We appreciate the time invested by the reviewer and his/her valuable comments. We have accurately consider all of them and we have made the required changes. The comments are responsed point by point below:

Comments and Suggestions for Authors

Authors prepared carvacrol nanoemulsion by phase inversion composition method and encapsulated the nanoemulsion in three beads. I recommend consideration of this work for inclusion in this issue, pending the clarification of the following.

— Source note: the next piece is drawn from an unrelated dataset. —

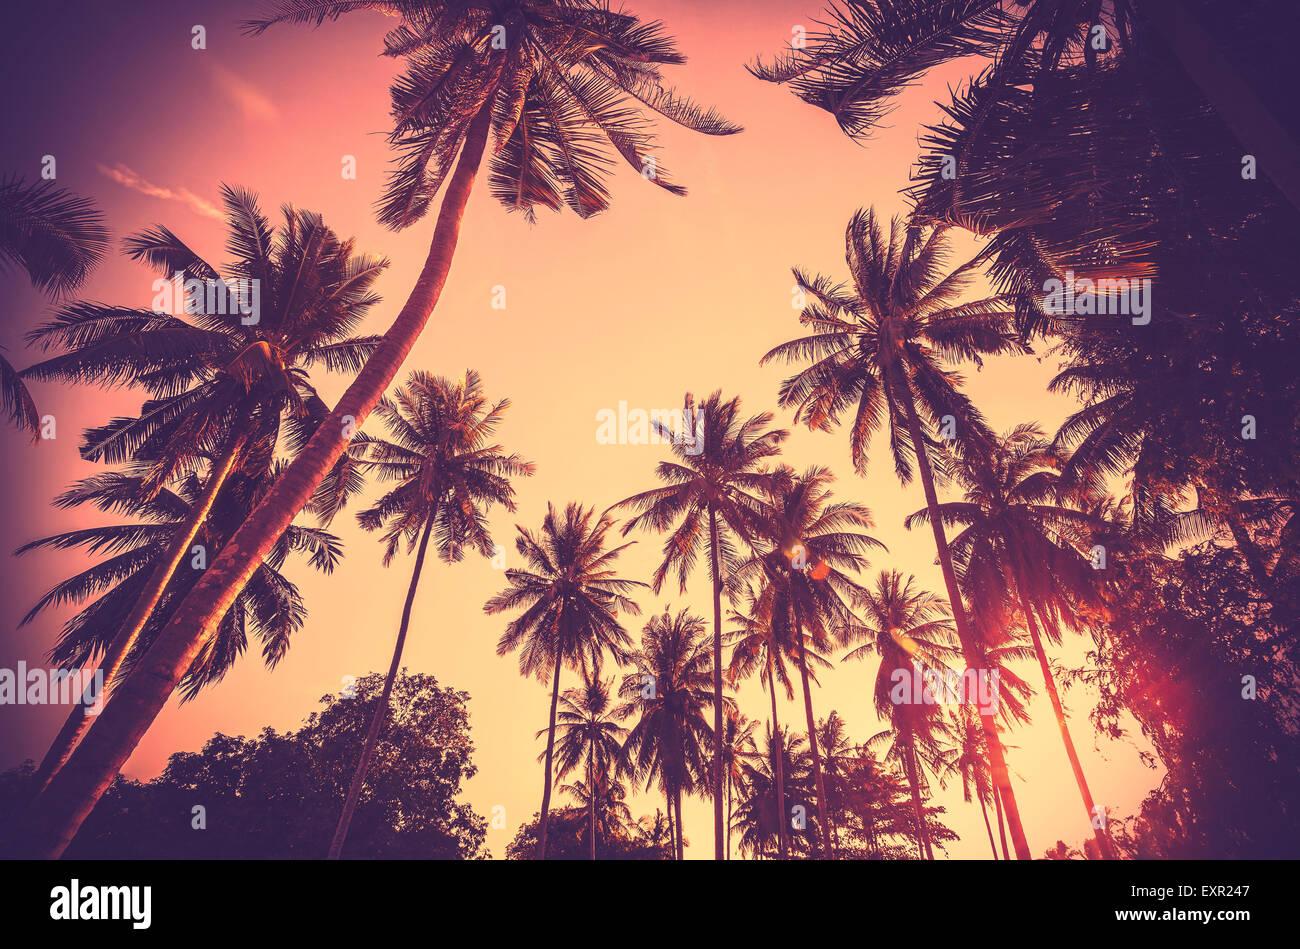 Vintage getönten Urlaub Hintergrund gemacht von Palm Tree Silhouetten bei Sonnenuntergang. Stockbild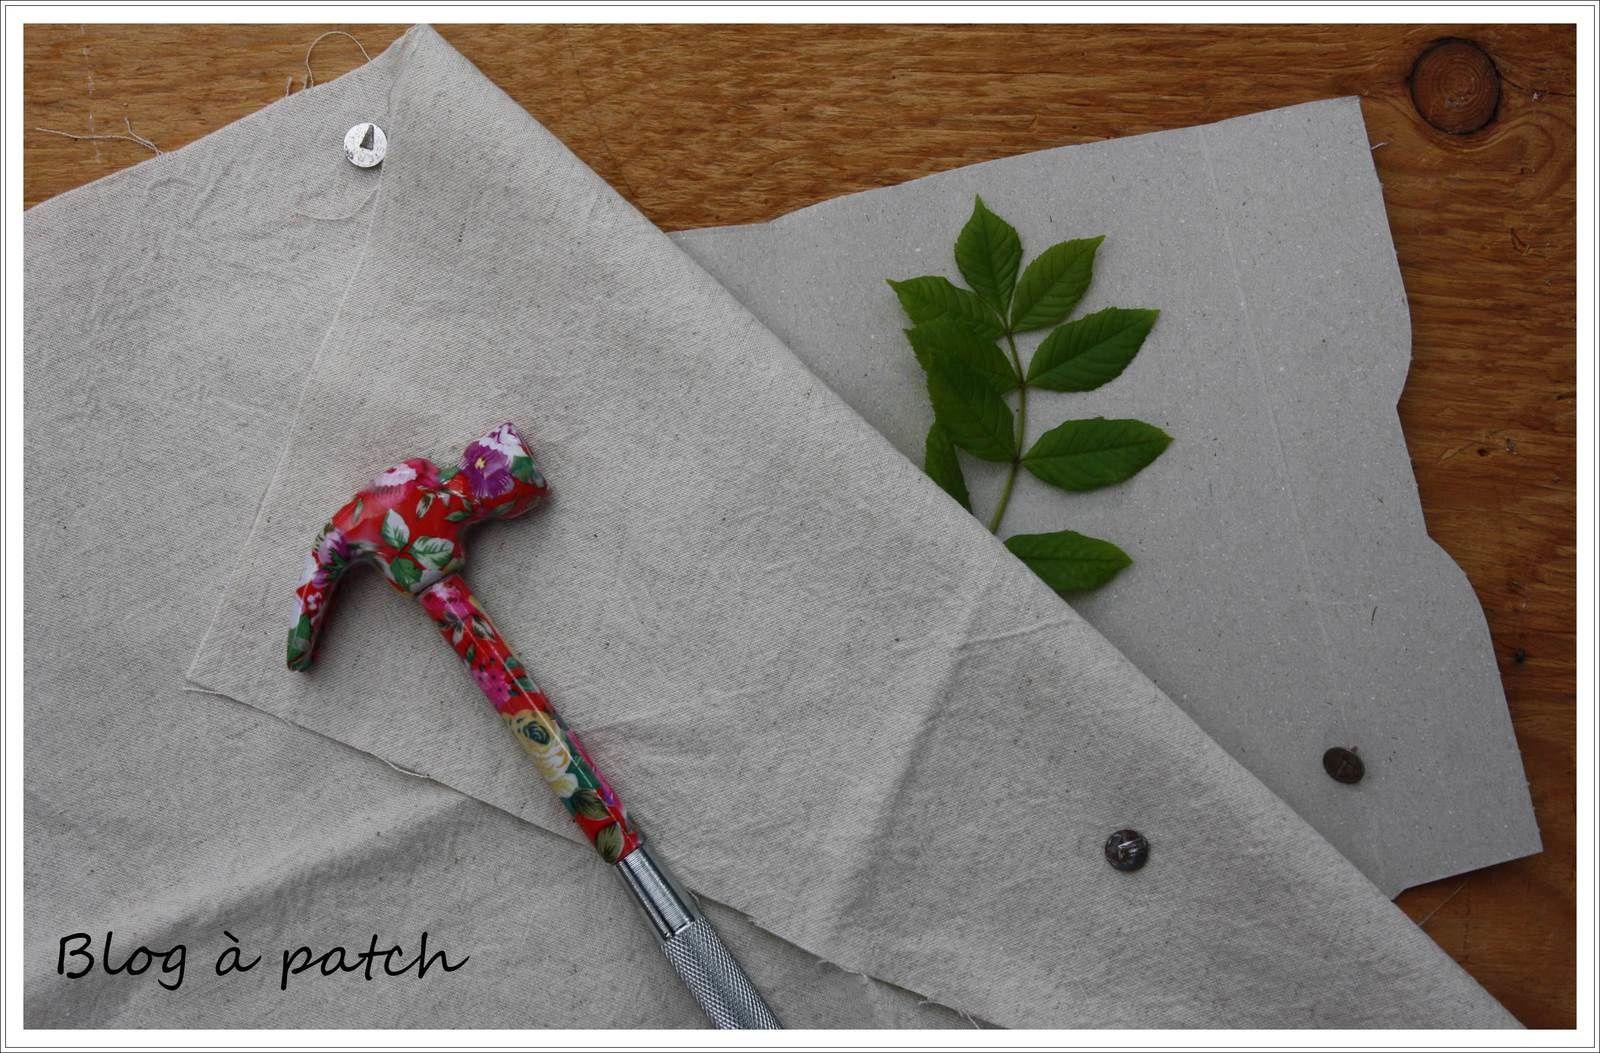 Matériel : 1 planche en bois, du carton, une feuille, du tissu et des punaises...

（1）   The list of “Alginate Beads, Alginate-Chitosan Beads and Alginate-Pullulan Beads” in the title is verbose.

Thank you very much for your suggestion. In order to simplify the title, we have now changed it to:

Encapsulation of Carvacrol Loaded Nanoemulsion Obtained by Phase Inversion Composition Method in Alginate Beads and Polysaccharide-Coated Alginate Beads

（2）   Potential application for the beads should be added in the abstract.

We appreciate the comment of the reviewer. The following sentence has been added to the abstract (lines 16-18):

Nanoemulsions with very small mean droplet diameter (16-20 nm) were obtained and successfully encapsulated to add carvacrol to foods as a natural antimicrobial and antioxidant agent.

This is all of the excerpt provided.